SaaS Customer Life cycle - Contract

This is part of a series of posts focused on the life cycle of a SaaS customer. The first post is here, and the previous post about pre-sales can be found here.

This post will focus on SaaS contracts. I feel like I have covered this ground in previous posts but in the effort to cover the entire life cycle of a client I will spend a little time on this topic again.

In the best case scenario any topics of discussion or concern will have been addressed during the pre-sales process so that contracts become a formality. In reality it seldom works this way. As this blog is focused on SaaS for the enterprise we should keep in mind that the notion of an adhesion contract that a client will just sign doesn't apply. There will be some level of negotiation for every contract, at least in my experience. The negotiation can sometimes start with which parties standard contract language gets used.

No matter what boilerplate contract gets used there are a few things that should be spelled out clearly.

  • How upgrades / migrations are handled.
  • Who owns what data
  • Pricing model, including any custom requests if such thing even applies
  • Scope of work, as much as possible without getting bogged down into specifics
  • Clearly spell out any / all SLAs and how reporting on those SLAs will be handled
  • What browsers, technology your application will support. Avoid specifics like IE 7 is also advisable.

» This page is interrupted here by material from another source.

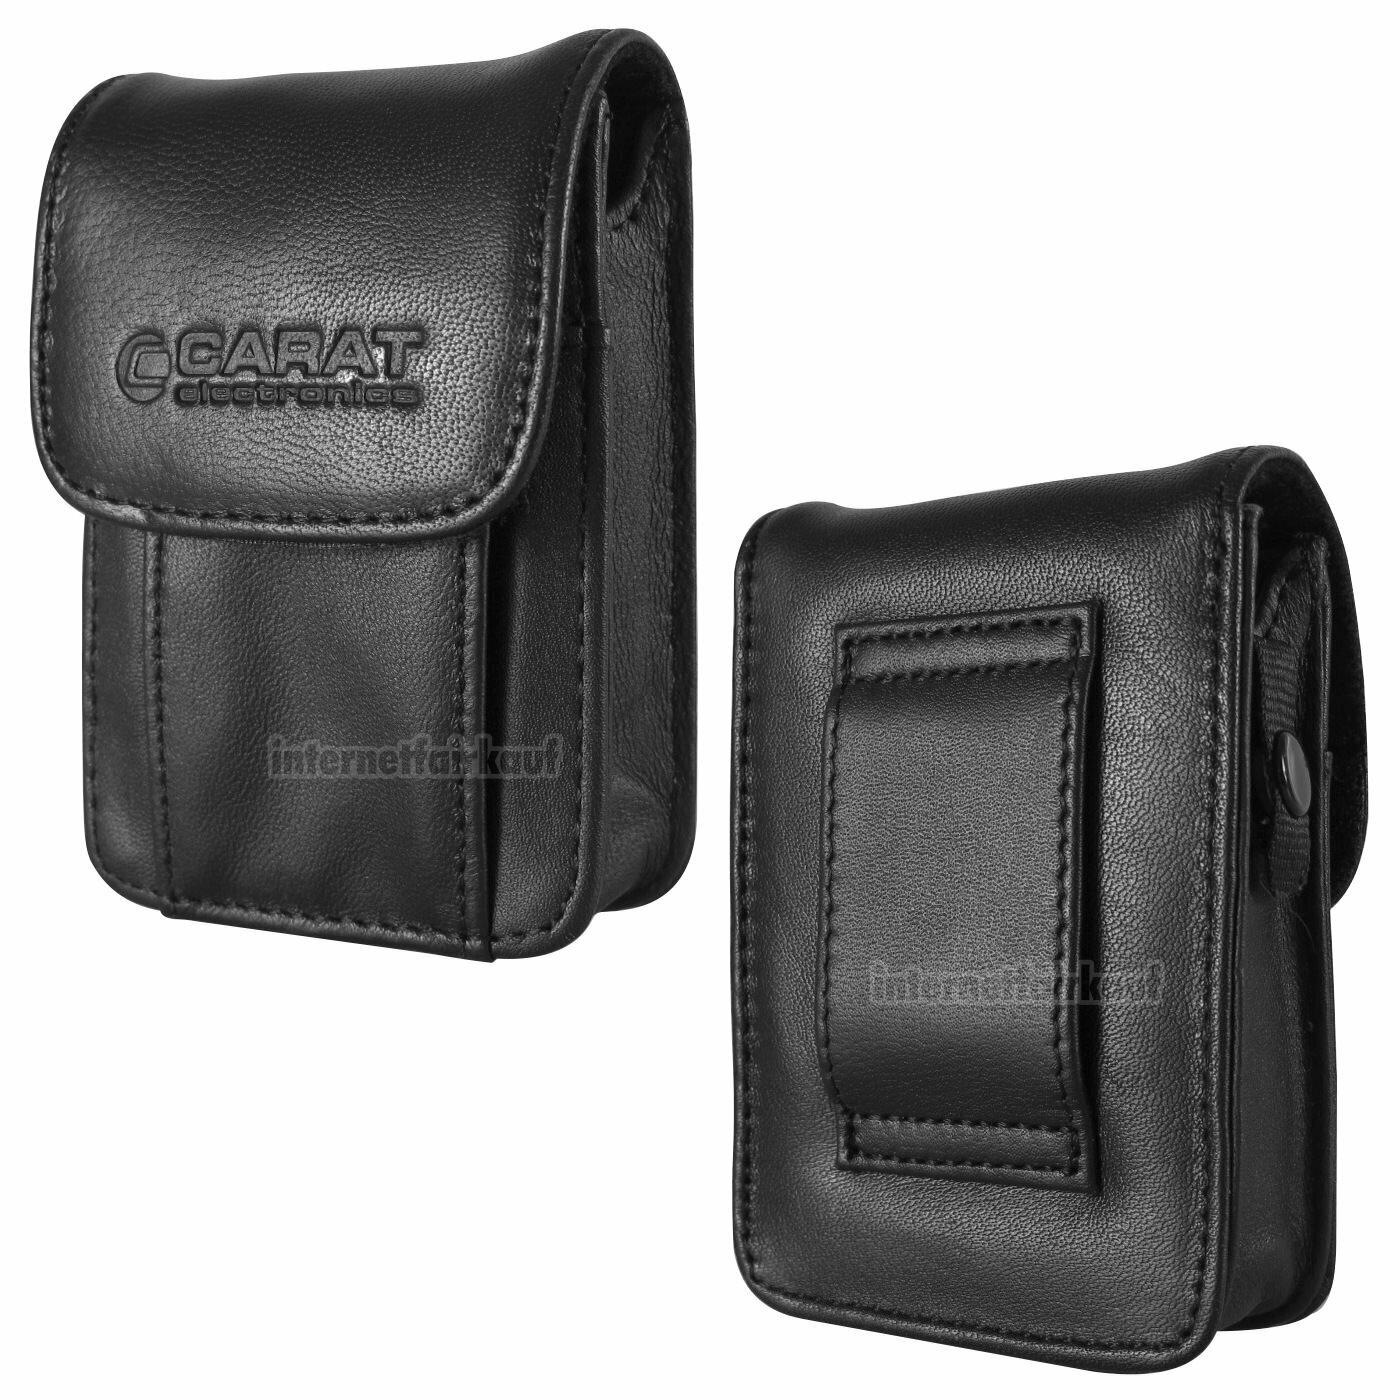 Gürteltasche Kameratasche passend für Canon IXUS 75 70 - Leder Etui

The language could be something more generic like "the latest stable release of IE" or "the most common 3 browsers on Windows".


Here is a short list of things that I would suggest NOT putting into contract language.

  • Any specifics of the technical solution. I have found that many large firms like adding this language, it provides some sort of comfort to lawyers in some way. The truth of the matter is that adding the specifics (think what DB server, or presentation layer technology, etc) in a contract can lead to potential issues if/when those technologies change. My advice, just leave it out if possible
  • Code escrow agreements. I have written on this in the past (see post here) and the honest answer is that even if a company goes out of business having source code is useless to the client. If a customer insists on such a term then clearly spell out it is the responsibility of the client to bear those costs and agree to a specific calendar time that the code will be updated.

There is obviously much more to contracts. I am not a lawyer and so I won't even bother trying to cover all the other stuff (liability, etc etc etc) as it lies beyond my subject matter expertise.

The most important thing is that the contract language matches the information what has been delivered during the sales process. The next team to follow shouldn't be hindered by contract language. Contracts are another tool to help set expectations with clients.